> WORK REQUEST: Output exactly the lines of the listing below that run from the line with "消防救援窗口 消防救援 消防安全 警示牌 提示标识 救援窗口 标志图标 公共标识标志" through the line with "Cameron Bonner | #84". No pictures.

> DATASET CONTENT:
════════════════════

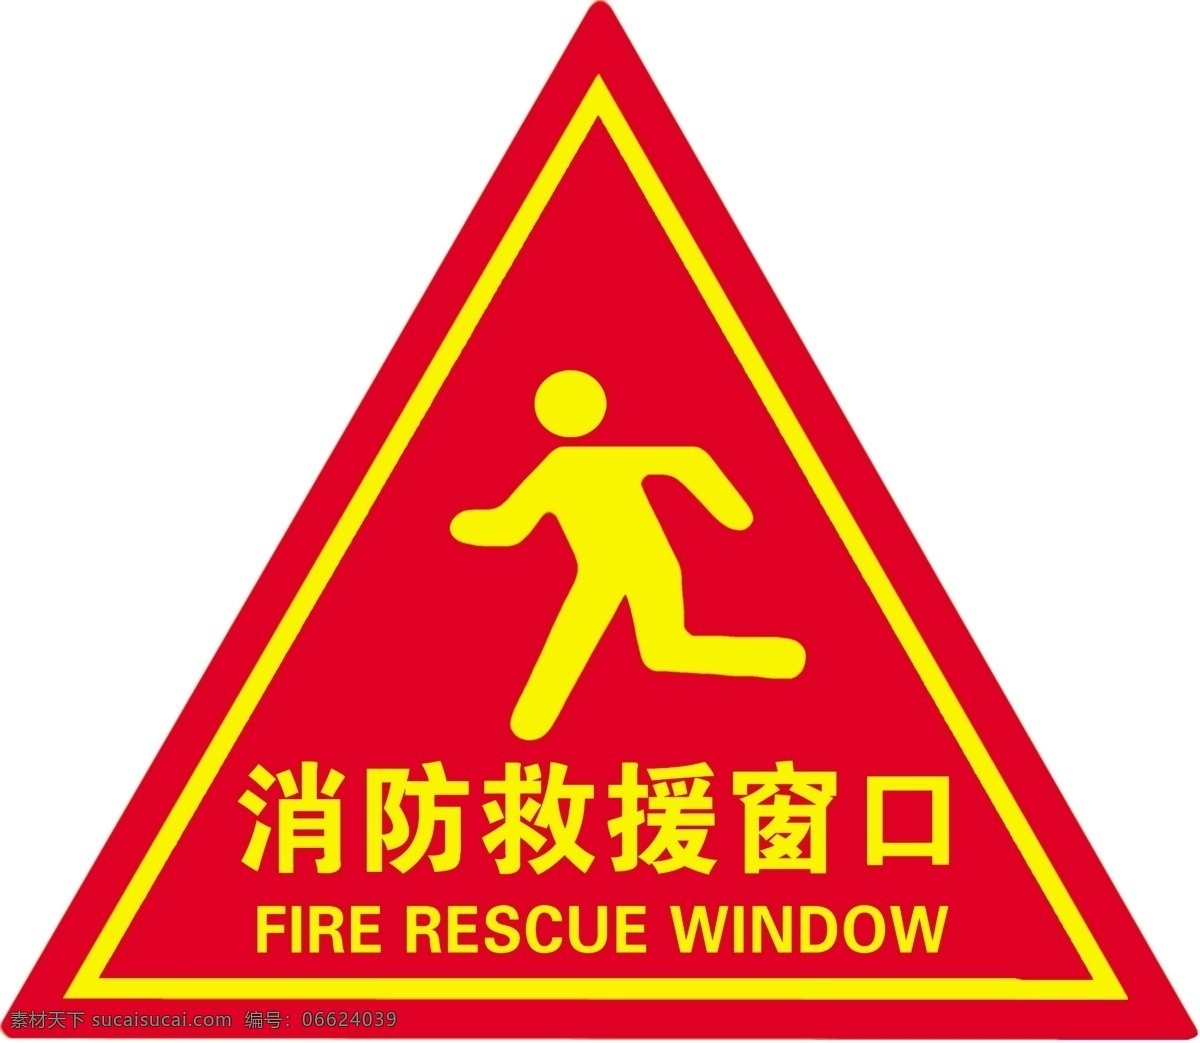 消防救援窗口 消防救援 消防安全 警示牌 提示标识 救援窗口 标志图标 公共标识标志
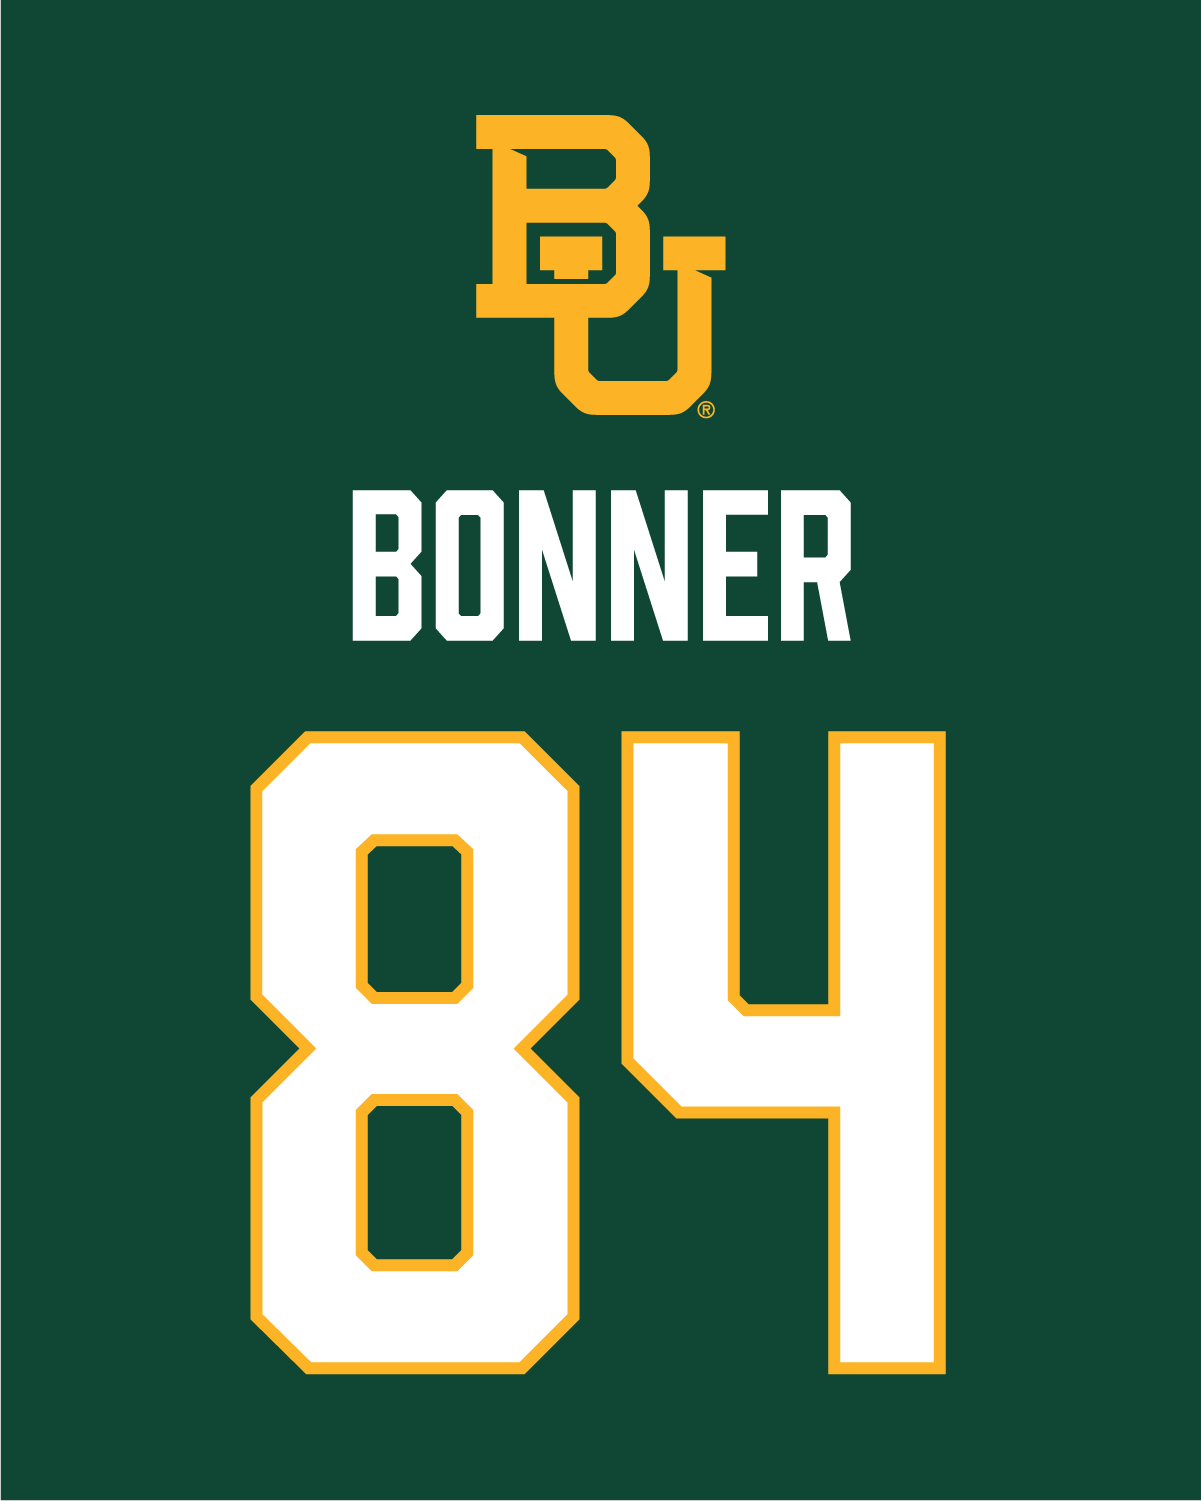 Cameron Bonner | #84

════════════════════

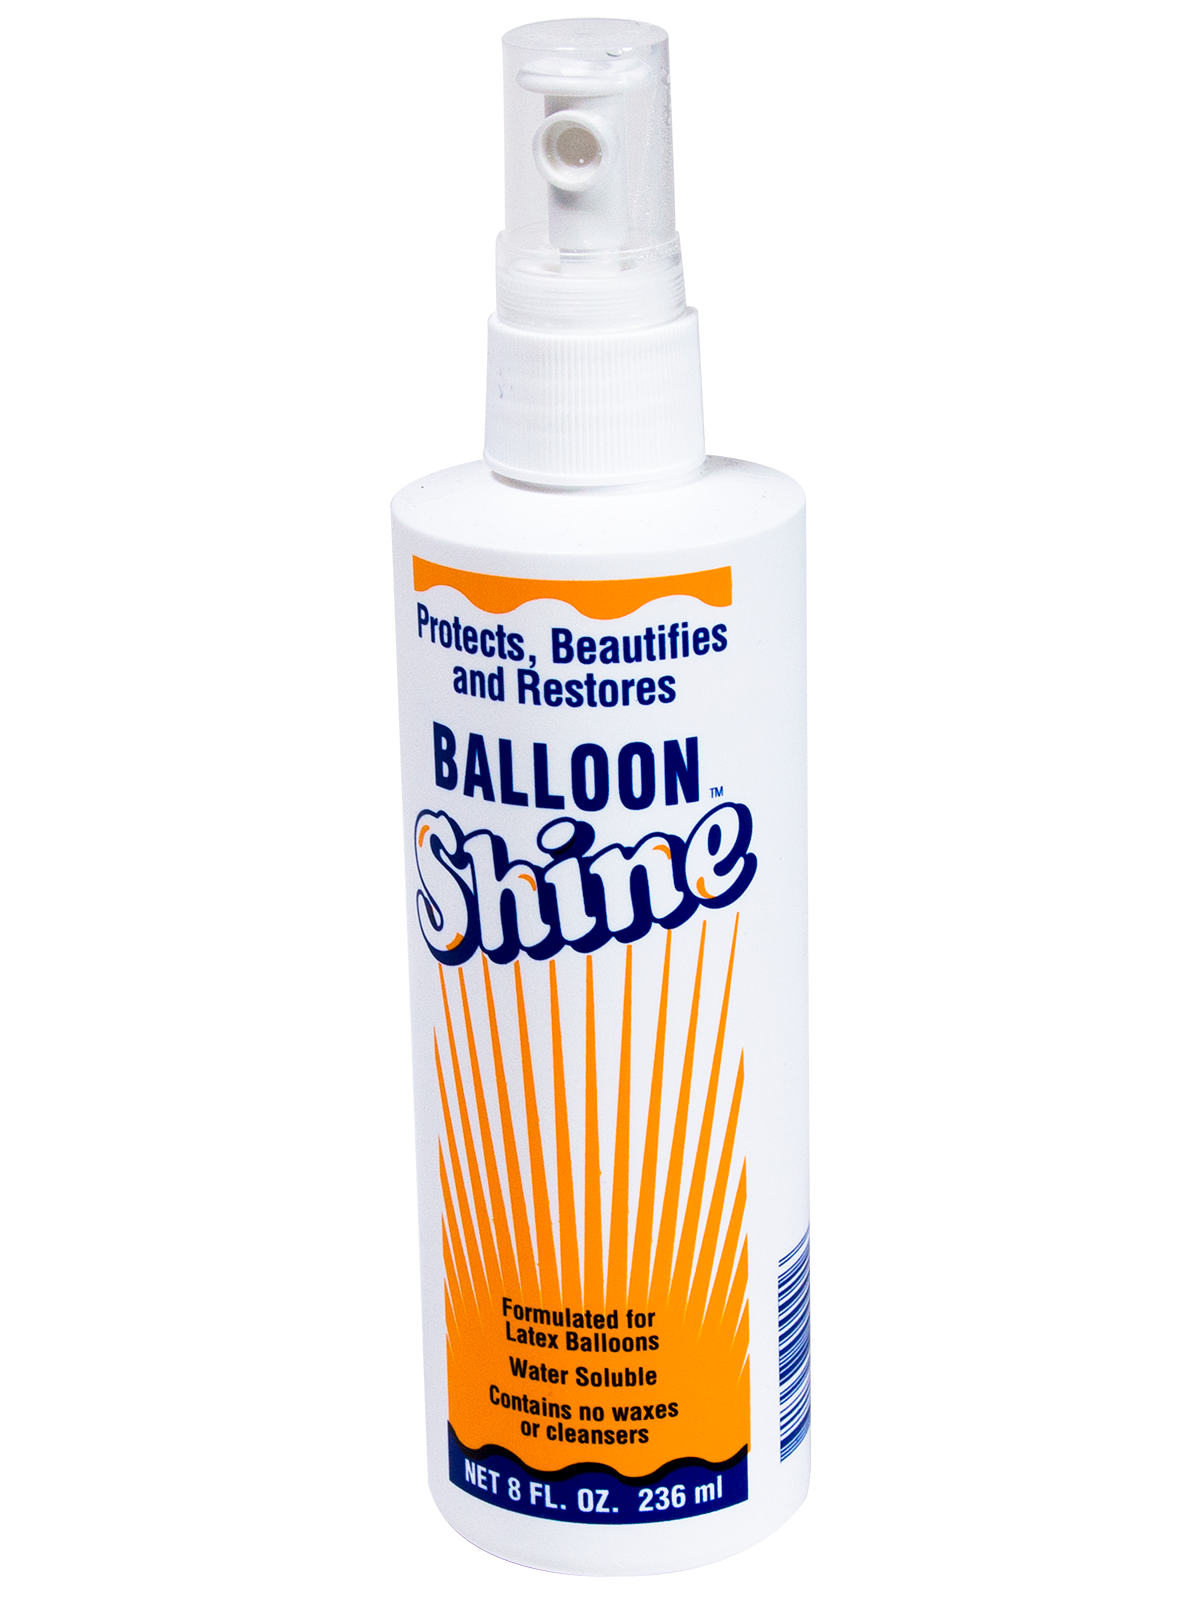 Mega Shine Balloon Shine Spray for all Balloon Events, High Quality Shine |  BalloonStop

════════════════════

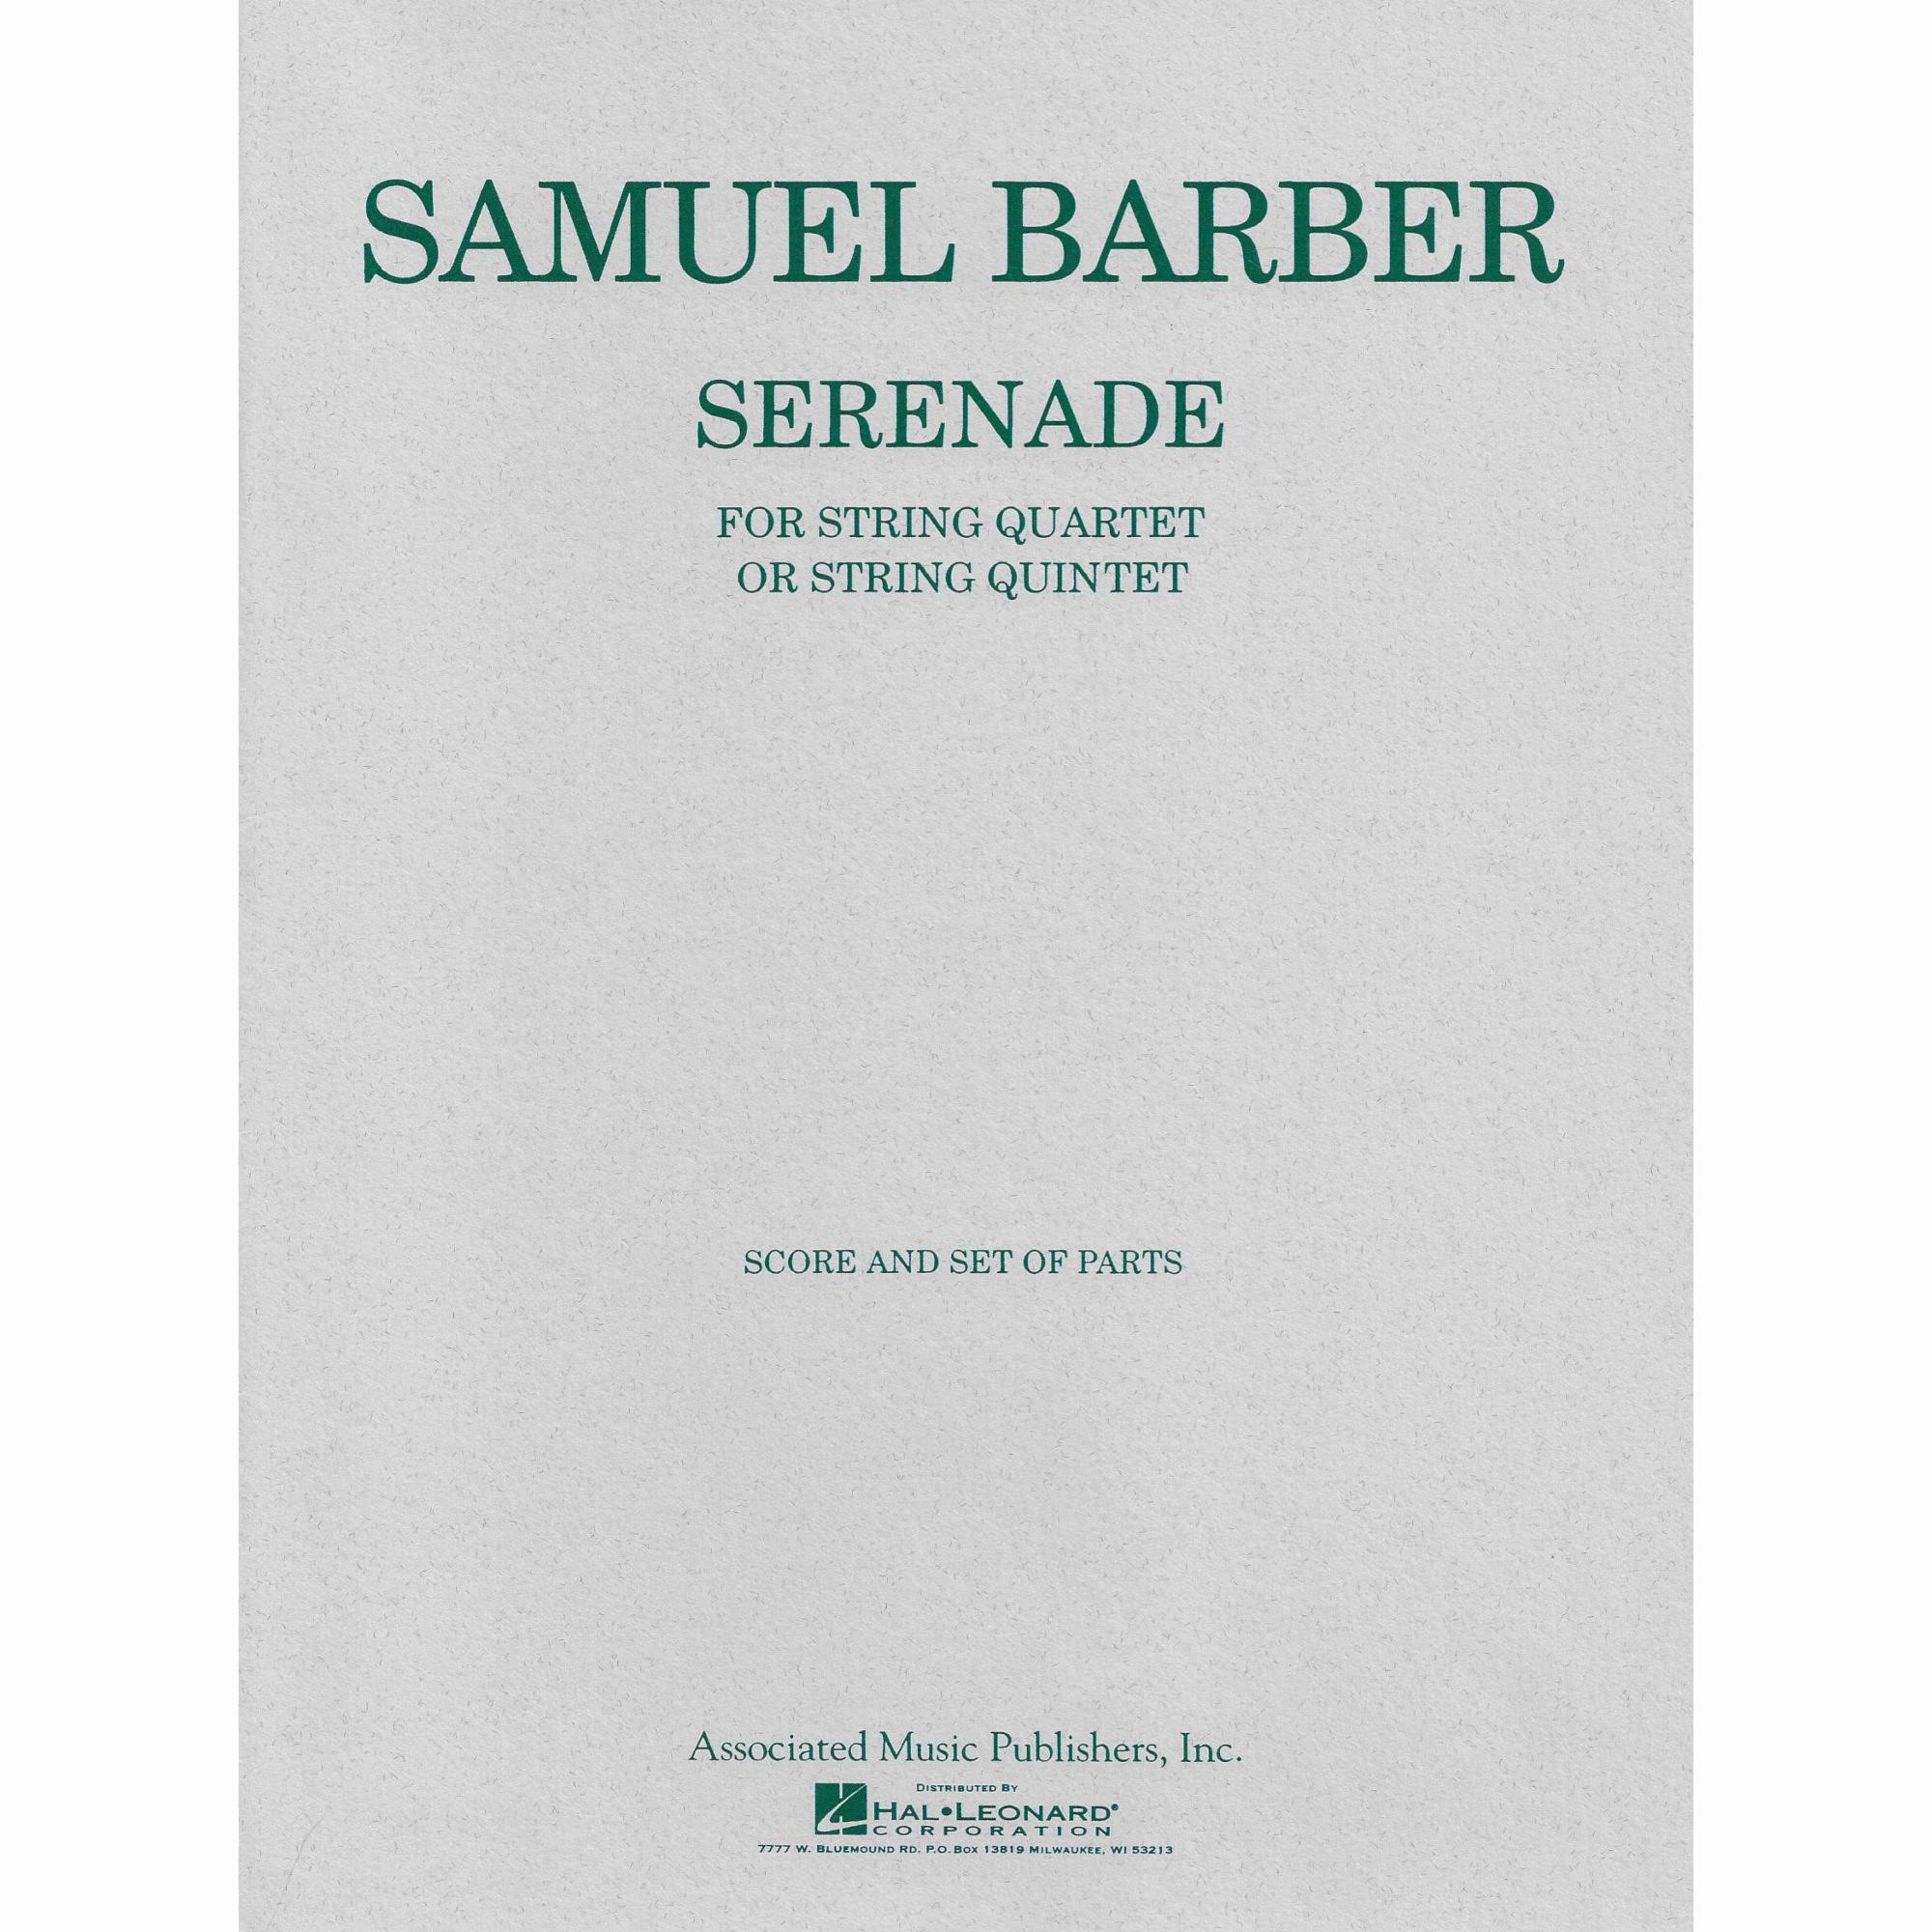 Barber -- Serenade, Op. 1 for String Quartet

════════════════════

> WRITTEN SOLUTION:
 消防救援窗口 消防救援 消防安全 警示牌 提示标识 救援窗口 标志图标 公共标识标志
 Cameron Bonner | #84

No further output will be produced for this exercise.